The center-left Süddeutsche Zeitung writes:
"The R-word was long regarded as obscene within the EU. A debt restructuring for Greece was impossible and was not going to happen, European politicians protested again and again. But like other previous statements, those lies have now caught up with them. Now creditors will make concessions toward Athens and extend their repayment terms, perhaps with lower interest rates -- even if Euro group head Jean-Claude Juncker is avoiding the R-word and talks of 're-profiling' instead."
"The history of the R-word is an admission that Greece cannot continue with its current course, despite the large euro-zone members' claims to the contrary. The country's economy will never grow strongly enough to allow it to repay all its debts. In order to make sure that the country does not sink even further into debt, it needs, on top of a tough austerity plan, relief -- even if that creates new problems.

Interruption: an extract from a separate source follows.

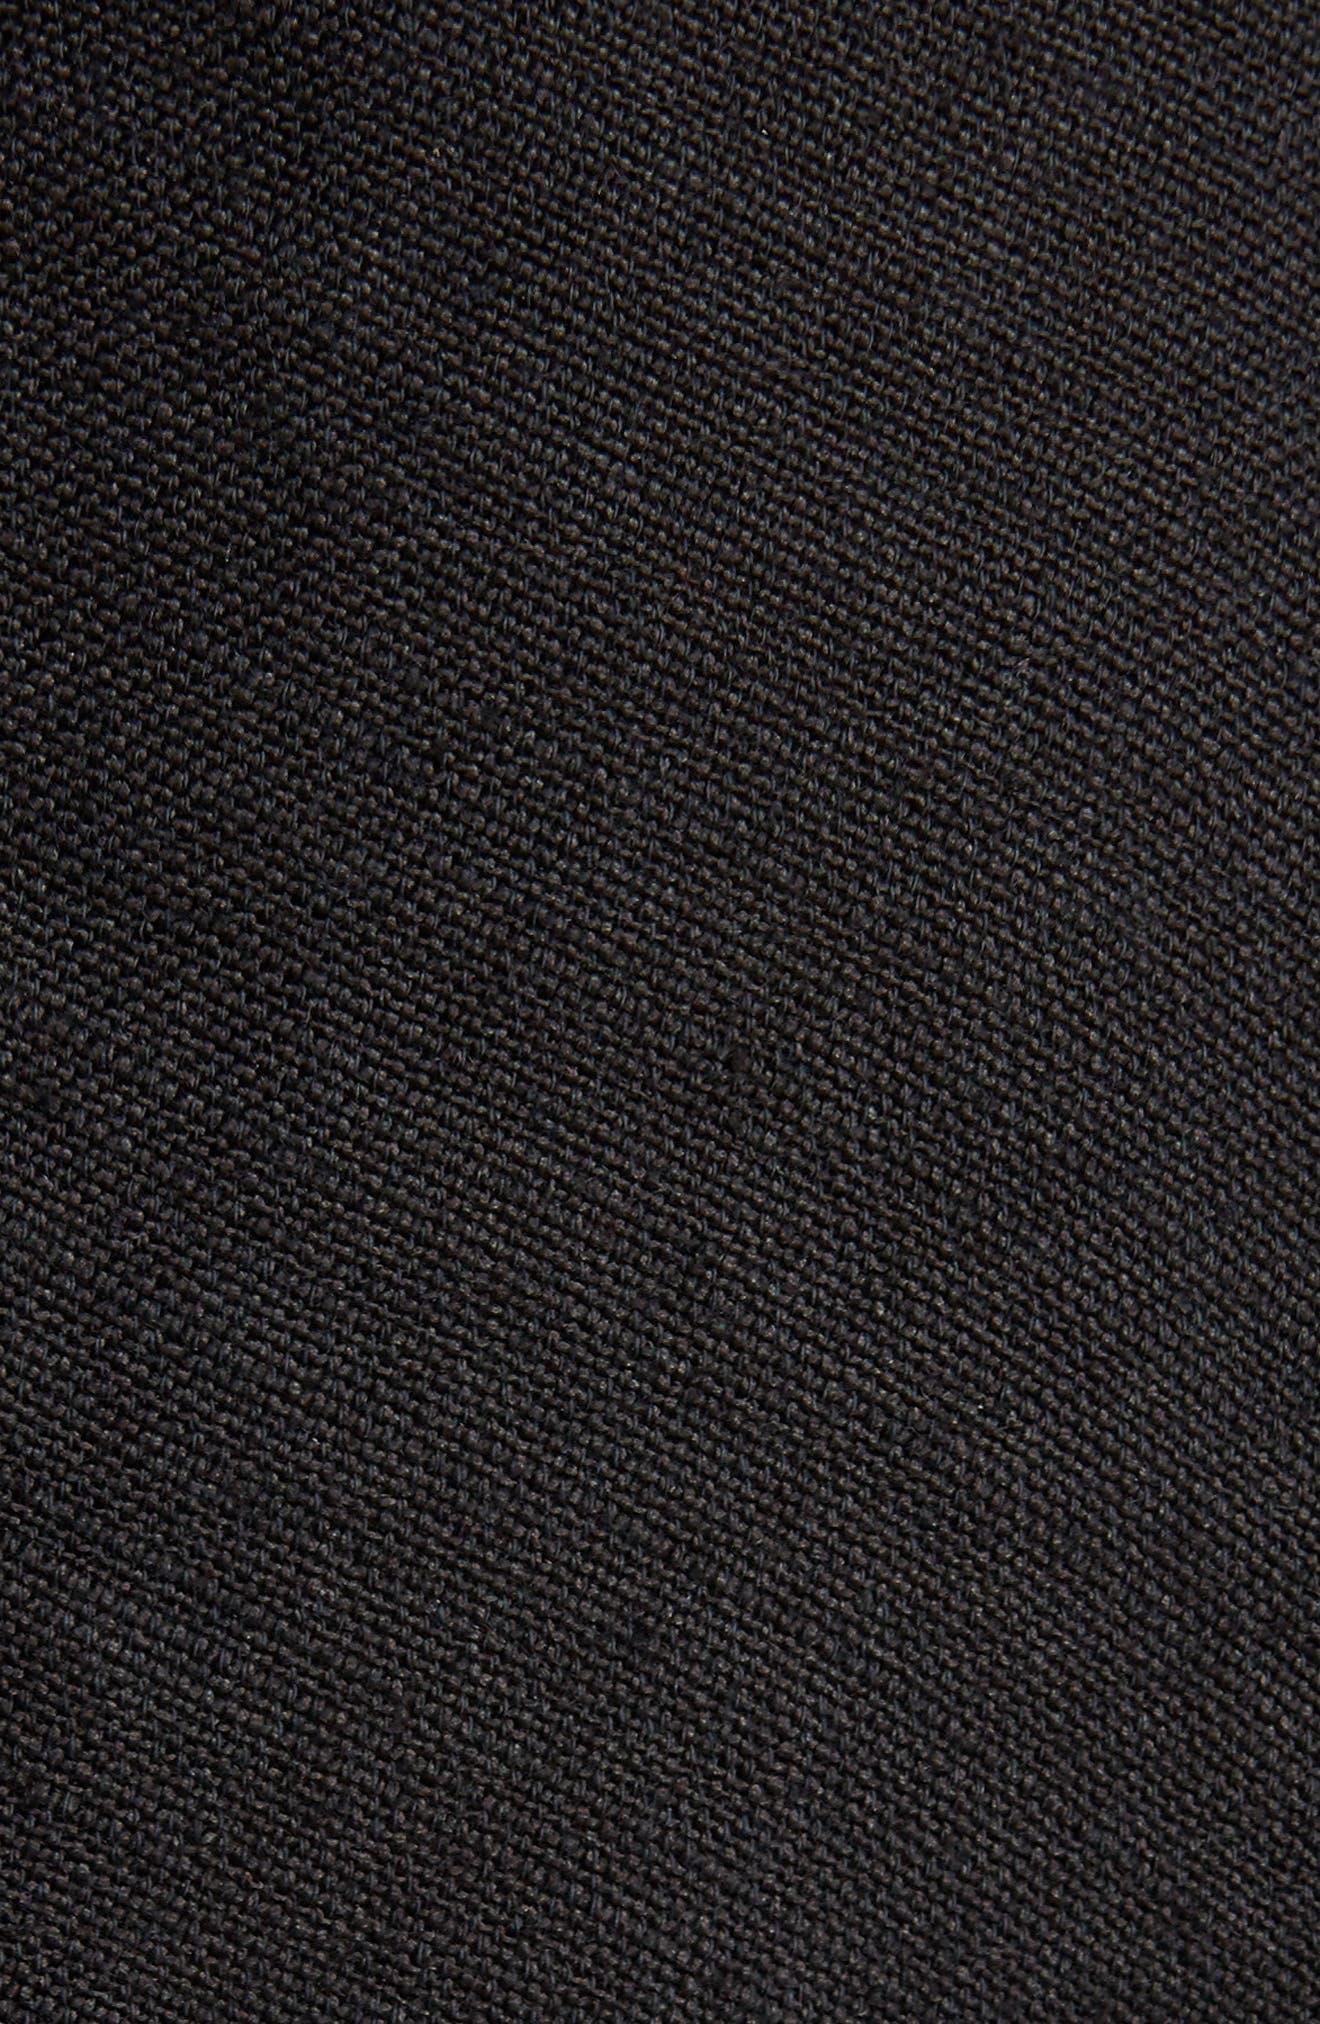 Jessa Shirtdress,                             Alternate thumbnail 5, color,                             001
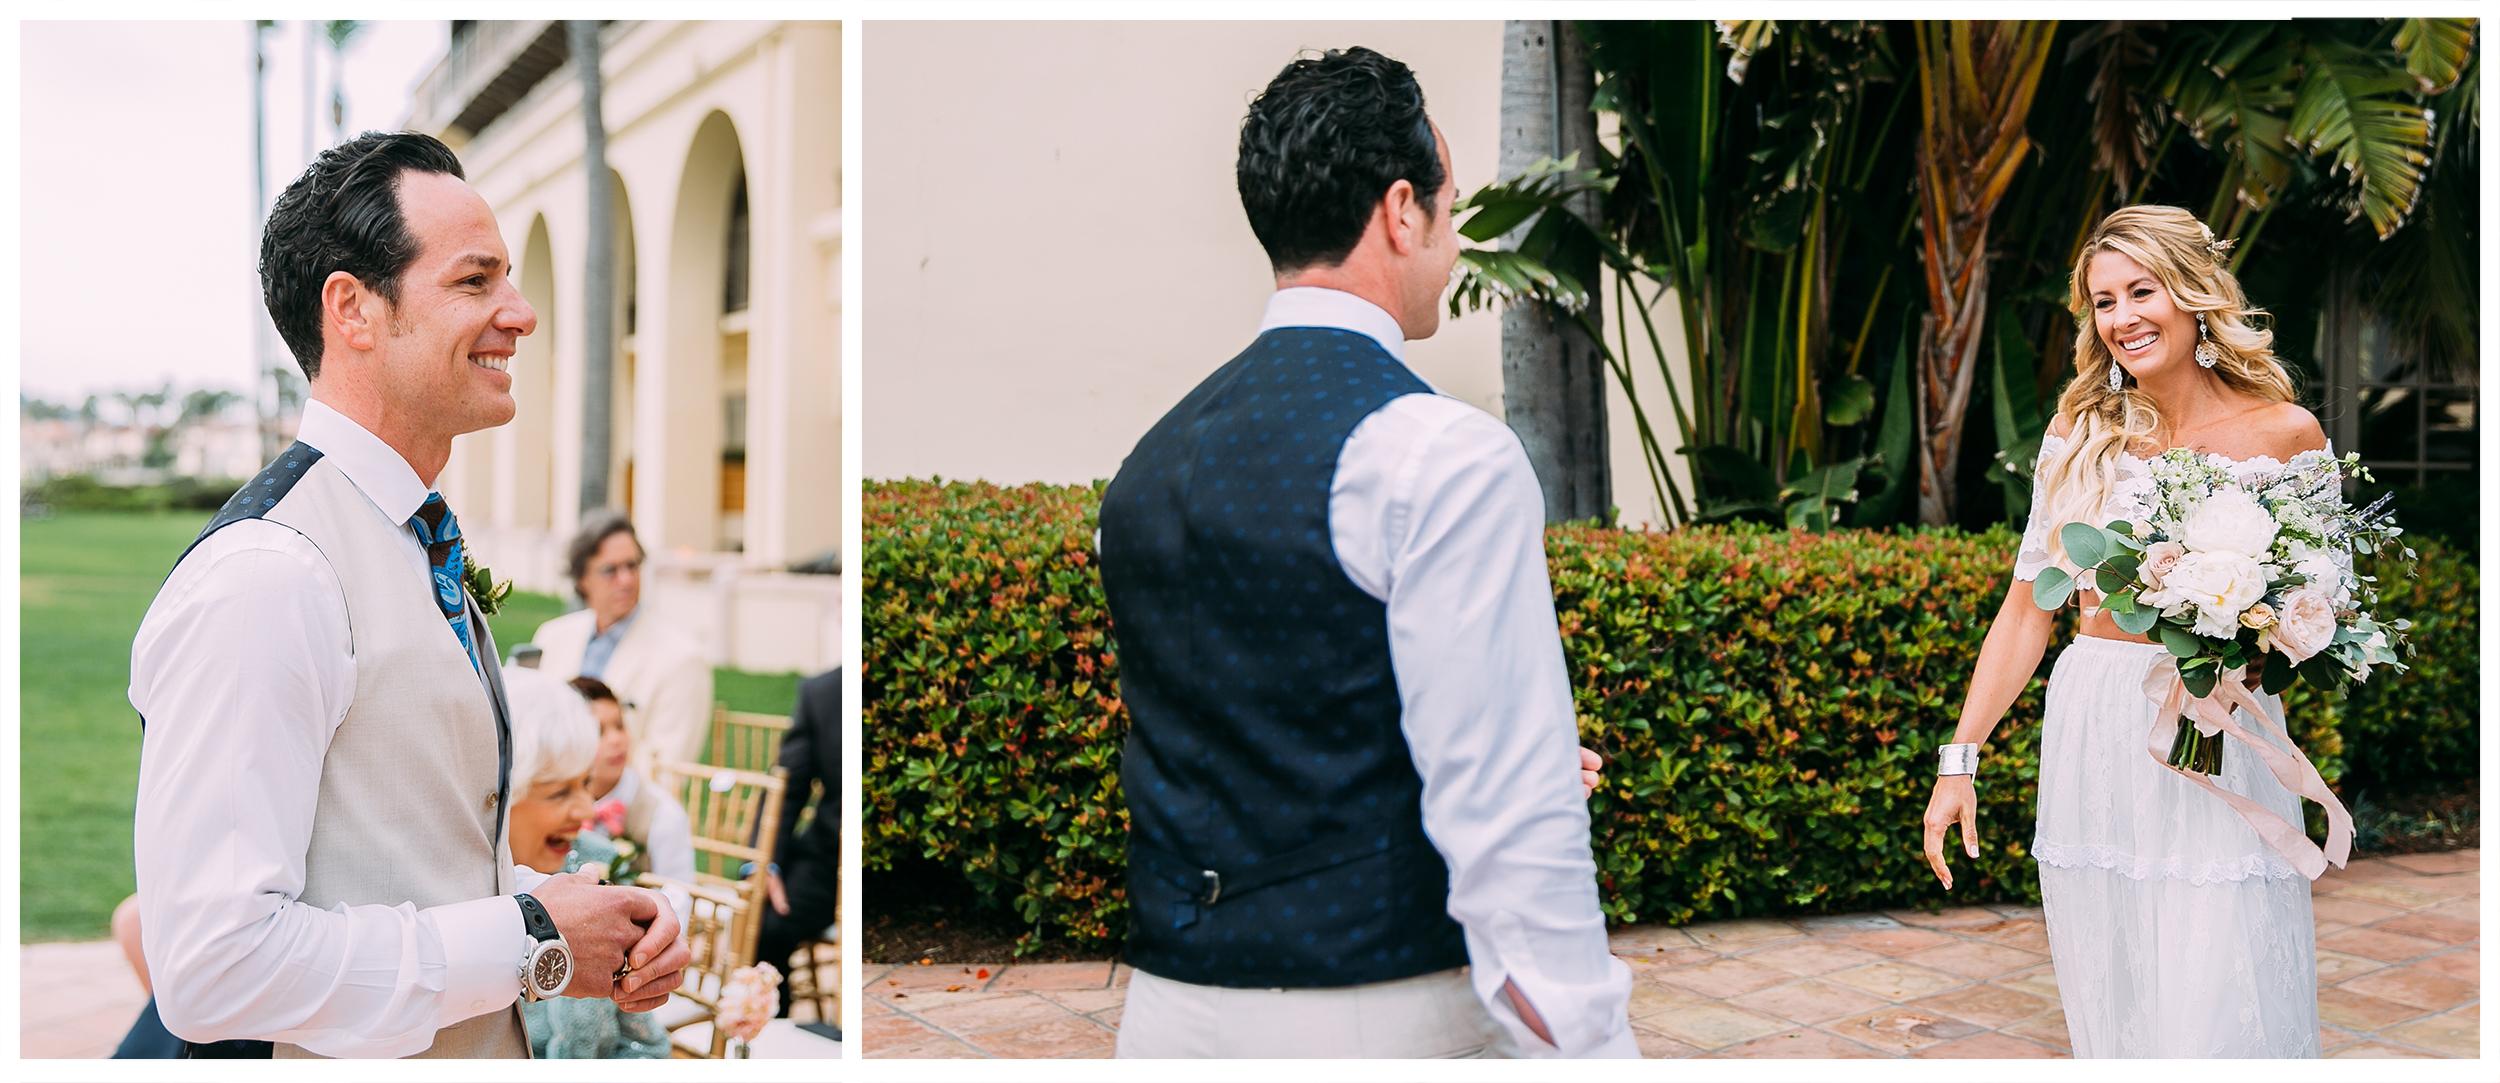 TD-Ritz-Carlton-Laguna-Niguel-Wedding-Photography-16.jpg

Some creditor banks will falter as a result, while some countries will lose money. But such losses are better than refusing to face reality, thereby running the risk of a massive meltdown."
The conservative Die Welt writes:
"The other European countries are demanding that Athens pursue even more stringent austerity measures and finally push forward privatization efforts vigorously. But those demands simply look helpless. How are they planning to put pressure on Athens, when all possible sanctions would harm them at least as much as they would the Greeks? In addition, the EU members are bitterly divided among themselves as to the wisdom of a debt restructuring for Greece or a new bailout. Although everyone knows that someone is going to have to pony up at the end of the day, one way or the other, all the countries are equally afraid of putting their cards on the table."
"That might seem politically expedient, because they want to postpone the moment of truth as long as possible or gain some other advantage. But playing for time and delaying the decisions comes with a price. It was precisely this tactic that made the previous rescue measures so incredibly expensive."